Draws considerable power from a pervasive ignorance on just how thin the barrier is between housing security and absolute free fall.

Rosie

3.75 / 5

If more people could conceptualize homelessness beyond the reductive imagery of vagrants in tattered rags reaching up at them, asking for change from a pile of blankets on unforgiving concrete, perhaps a film like Rosie wouldn’t come as such a shock for viewers. But here in the real world, the film is able to draw considerable power from a pervasive ignorance on just how thin the barrier is between housing security and absolute free fall.

Working from a stirring screenplay by novelist Roddy Doyle, director Paddy Breathnach tells the story of Rosie (Sarah Greene), a young mother of four in Dublin living out of her car with the children’s father John Paul (Moe Dunford). It’s only been two weeks since they lost the house they lived in for seven years because the landlord decided to sell it on short notice, leaving them precious little time to find a suitable replacement. Government services helps them with vouchers to secure temporary lodging with cooperating hotels, but so few are both willing to accept the service and have vacancy at the same time.

The film narrows its focus to one 36-hour cycle with the family, beginning with Rosie waiting in the car with her impatient children while a load of laundry finishes at her friend’s house.
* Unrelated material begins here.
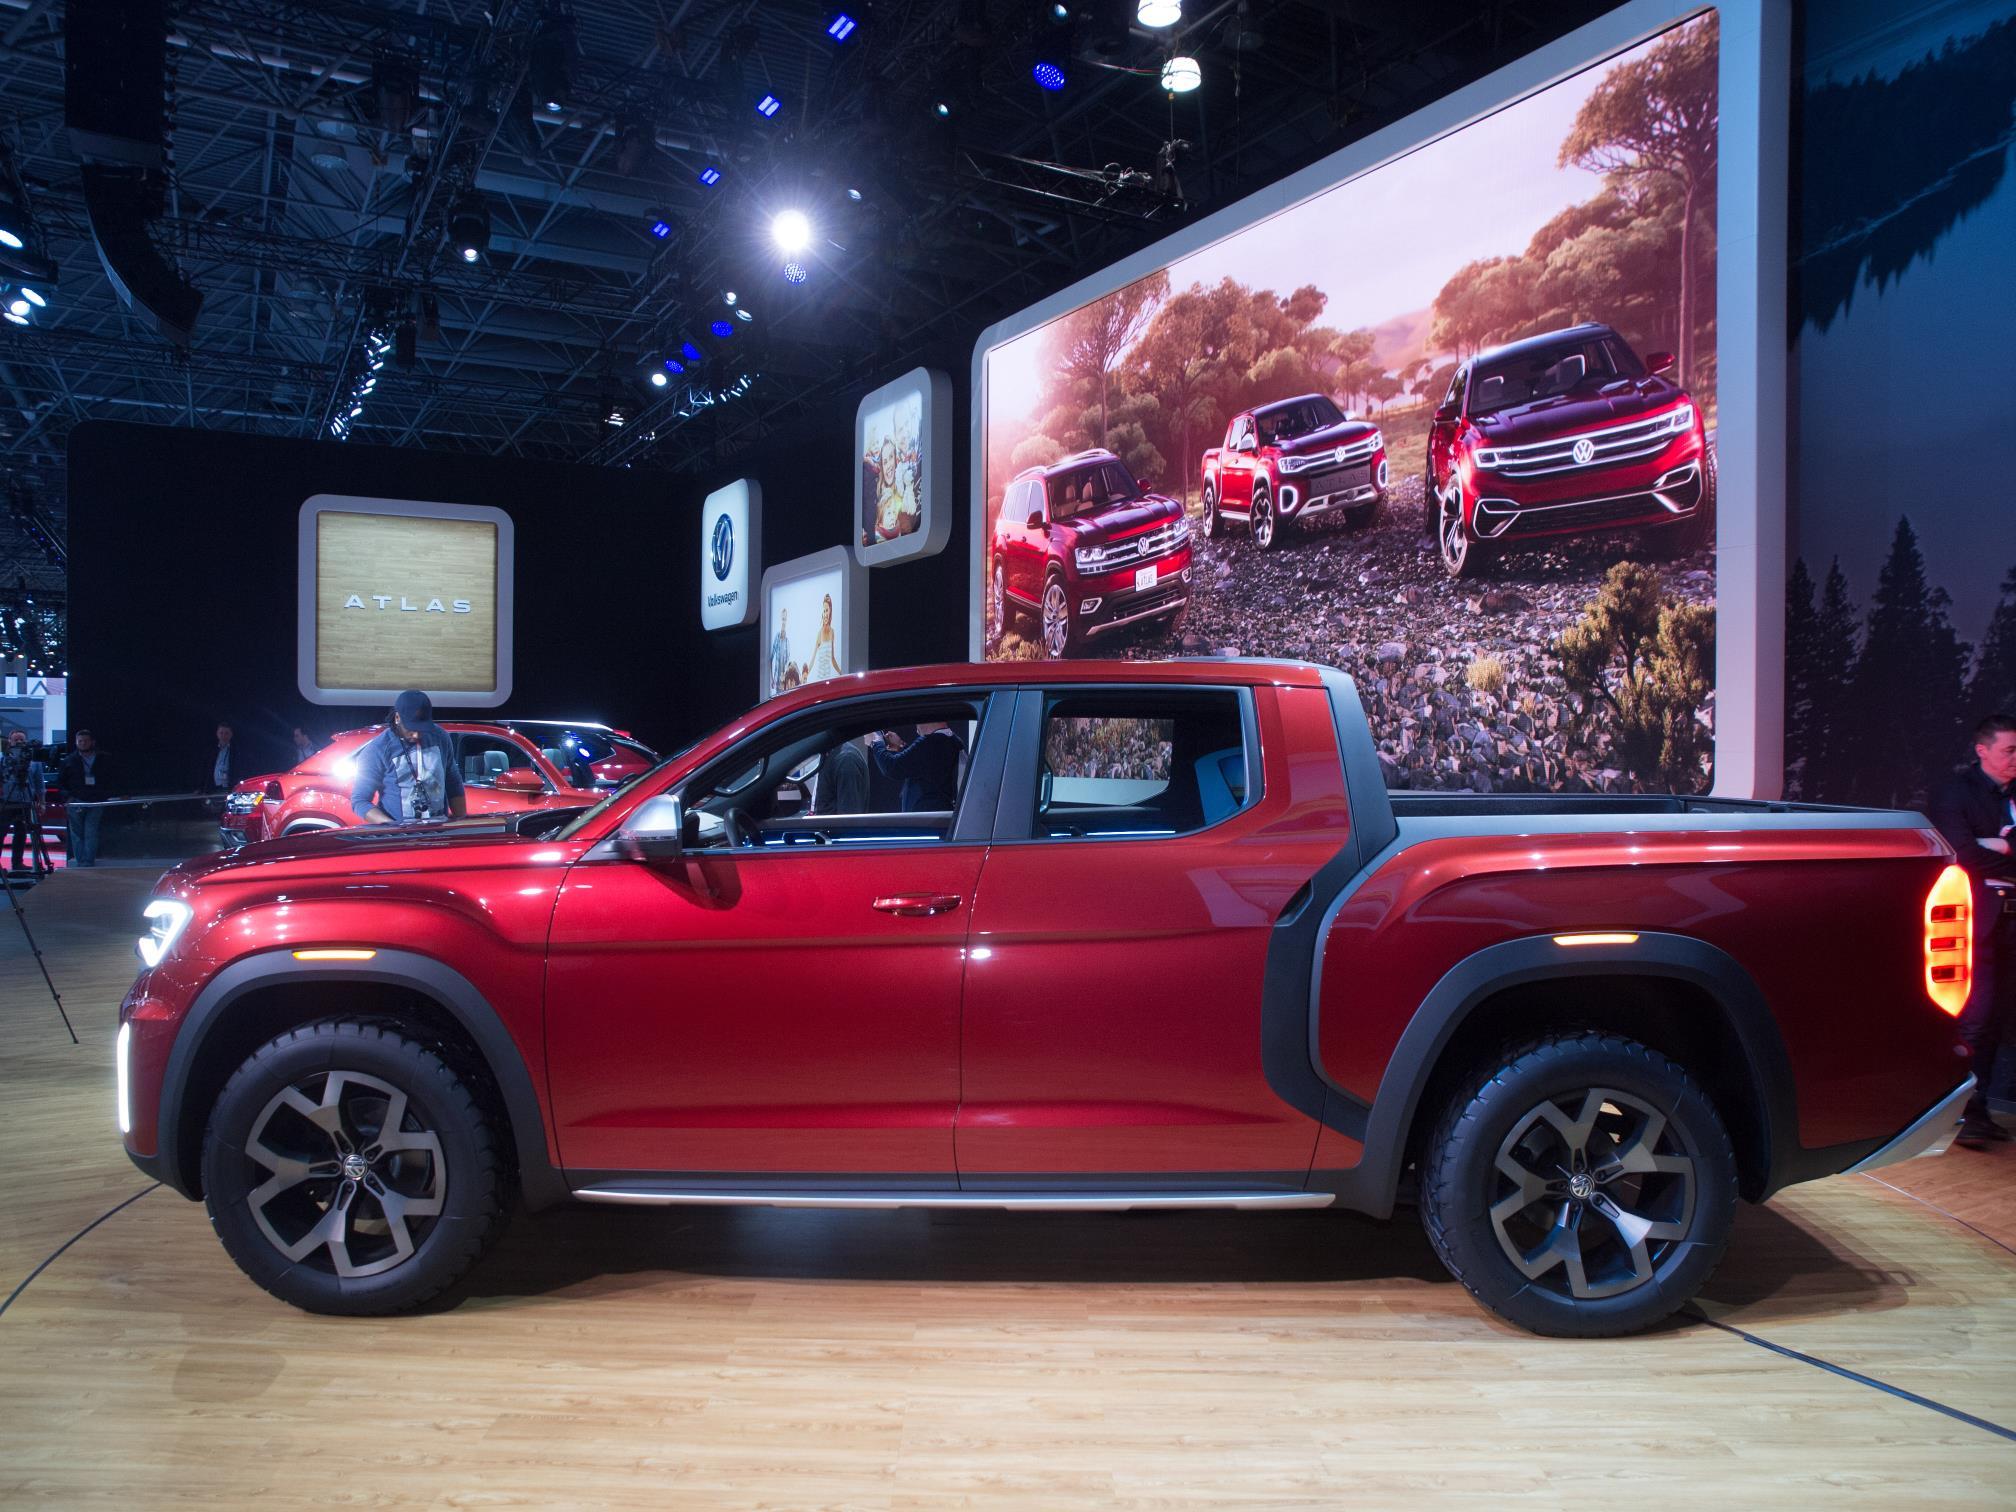 Volkswagen Atlas Tanoak Pickup Shows Cool Design Details, Evolutionary Interior - autoevolution
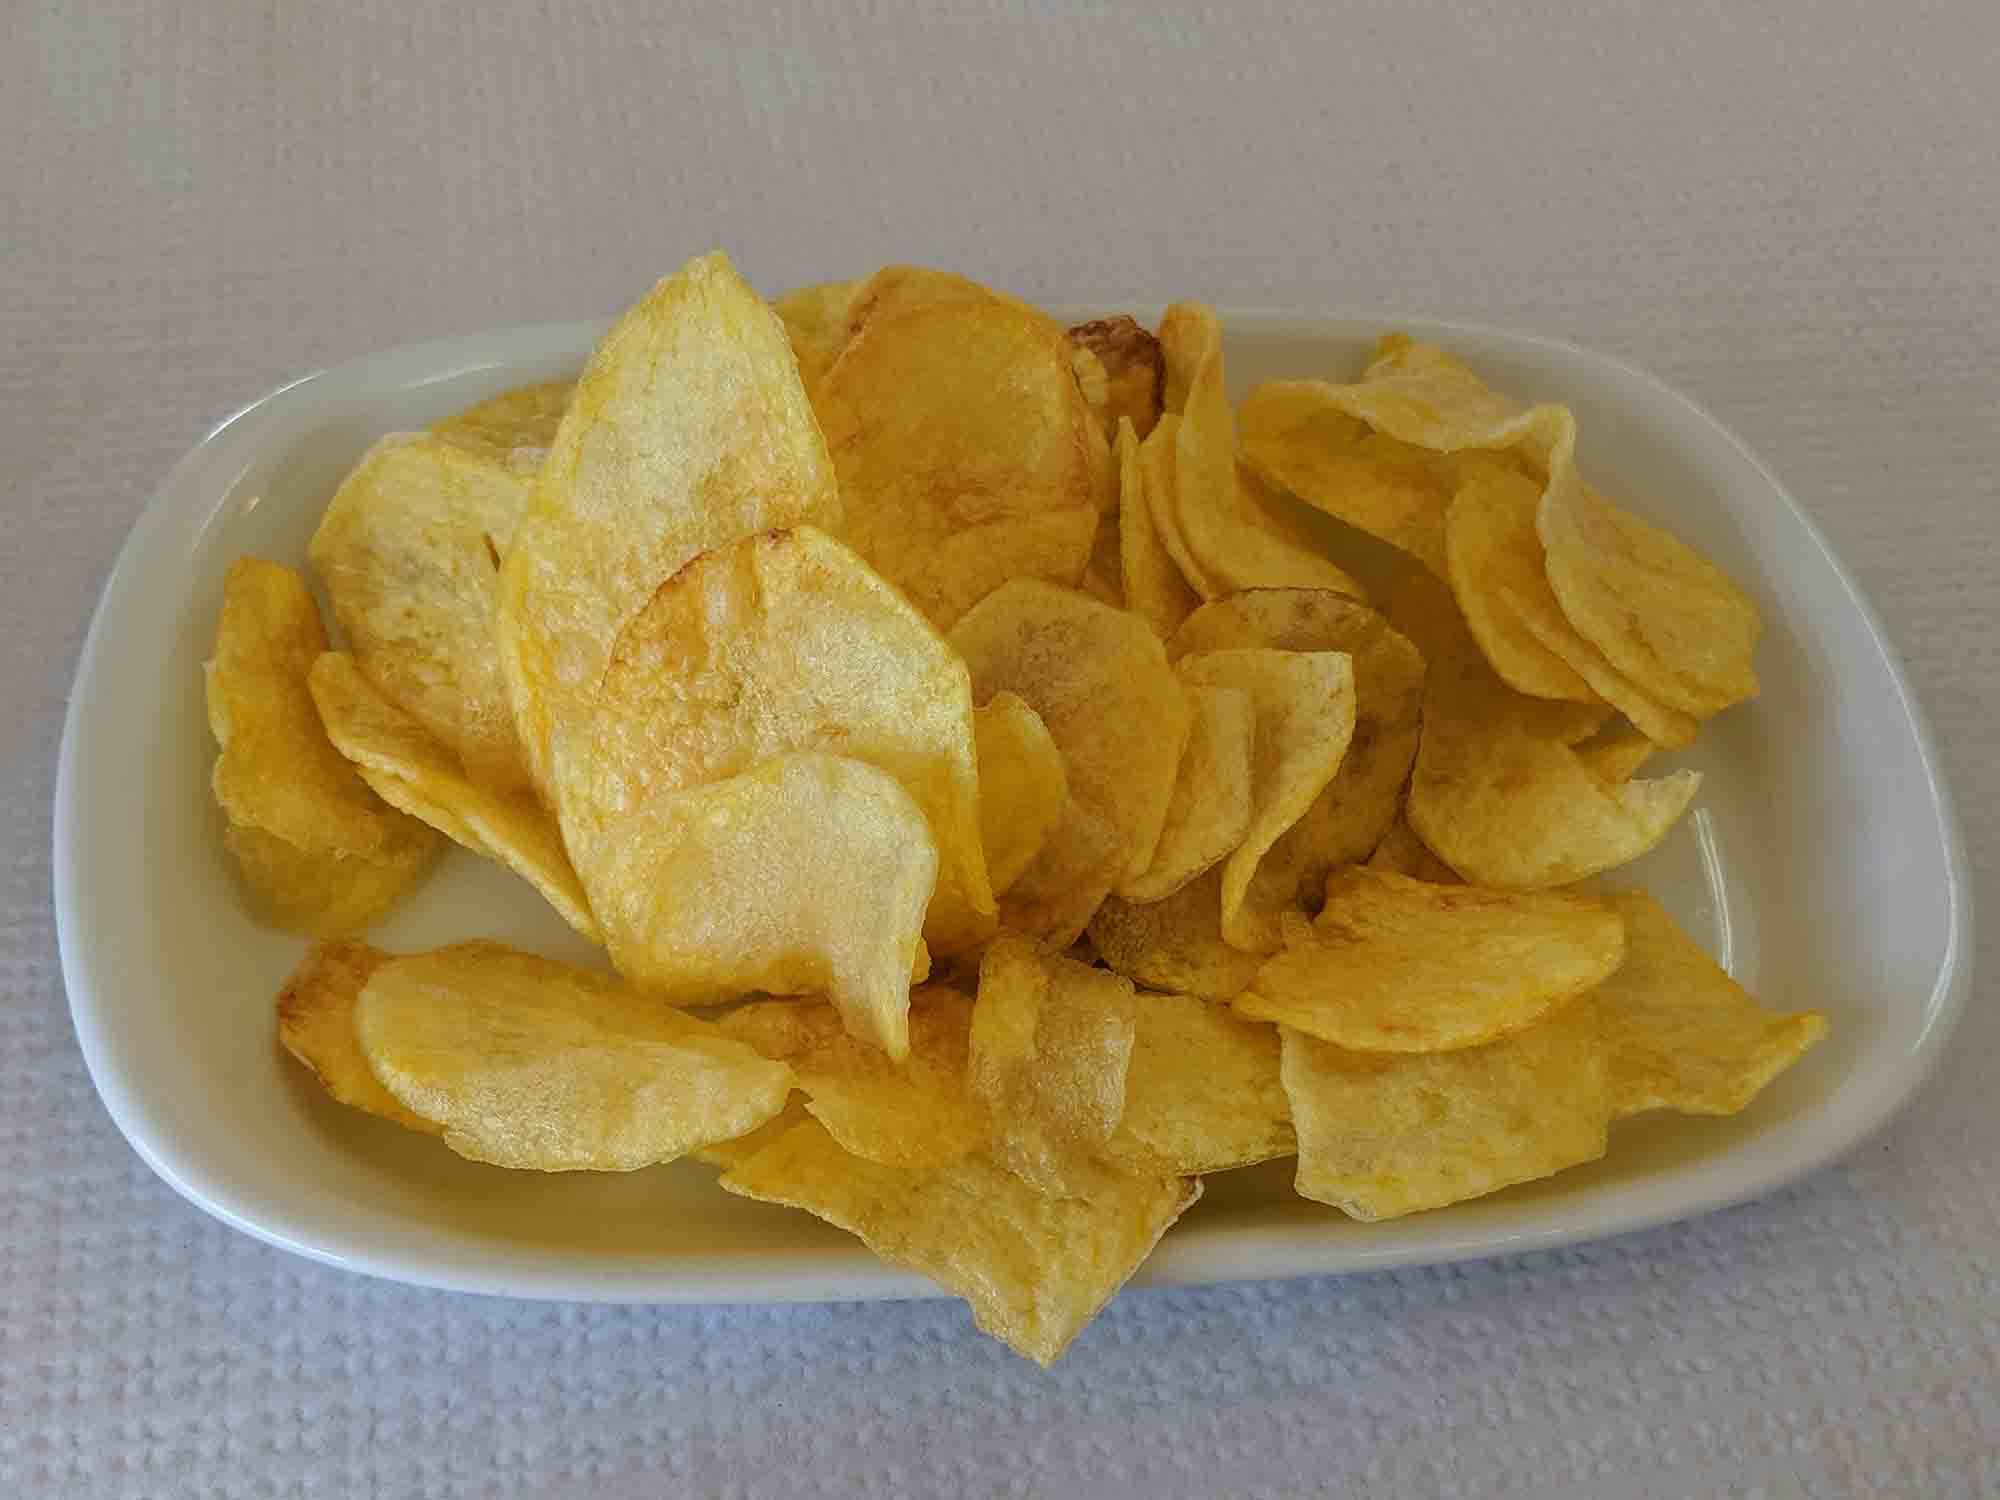 leitao crisps

John Paul is at work, removed from much of this daily grind’s thornier elements, and Rosie is in far over her head trying to keep four kids of varying ages occupied and calm when there is no ground beneath them to offer solace. By shrinking the film’s scope to this simple day-and-a-half timeframe, the cyclical nature of being without consistent shelter comes into sharp focus, as every waking minute provides a new miniature crisis that needs solving, each piling higher and higher until the larger conundrum of settling down gets pushed further into the backburner.

Rosie is a film that refuses to paint in broad strokes, choosing instead to be a fly on the wall capturing the tiresome minutiae of transience. When you start the day not knowing where you’re going to sleep that night, it doesn’t matter where you’re going to sleep three nights from now. Your entire life becomes foreshortened into one long day that feels like it’s never going to end, until the sun goes down and the ticking clock grows louder, and you realize it’s going to end sooner than you ever could have imagined and the hotels are full and the rental adverts are behind. Then, God forbid you find a spot to rest for the night, when you wake up in the morning, the entire process is about to start again. And again. And again.

Every element of the filmmaking is in service of heightening this painful reality without ever needing to exaggerate it. Scenes shot in and around the car tend to place the camera in the backseat with the children, with the sound mixing showing Rosie’s voice muffle when she walks outside the car to discuss things in explicit terms she knows would frighten her kids. The cumulative effect is like documentary-style vérité but pushed to a level of intimacy that is as empathetic as it is emotionally exhausting.

There is a persistent artifice she must maintain to keep her children docile enough to carry on this harrowing journey, and the force with which Greene presents that dedication to the stretching of the truth is matched only by the sheer vulnerability she puts on display when a probing teacher or an inquiring friend presses beyond her crackling veneer of strength.

The fact that some viewers will make it all the way to the film’s crushing finale and have no fraction of their mind changed with regards to the plight of the homeless is one of the chief reasons homelessnes persists as it does across continents. It is so easy to see those without as somehow lesser, like the absence of an address has othered them to the point of being classified as a newer species far enough down the food chain as not to matter at all. But film is a powerful medium, a fictive environment that may not provide concrete solutions or change, but perhaps the necessary amount of compassion to move the needle even a little bit.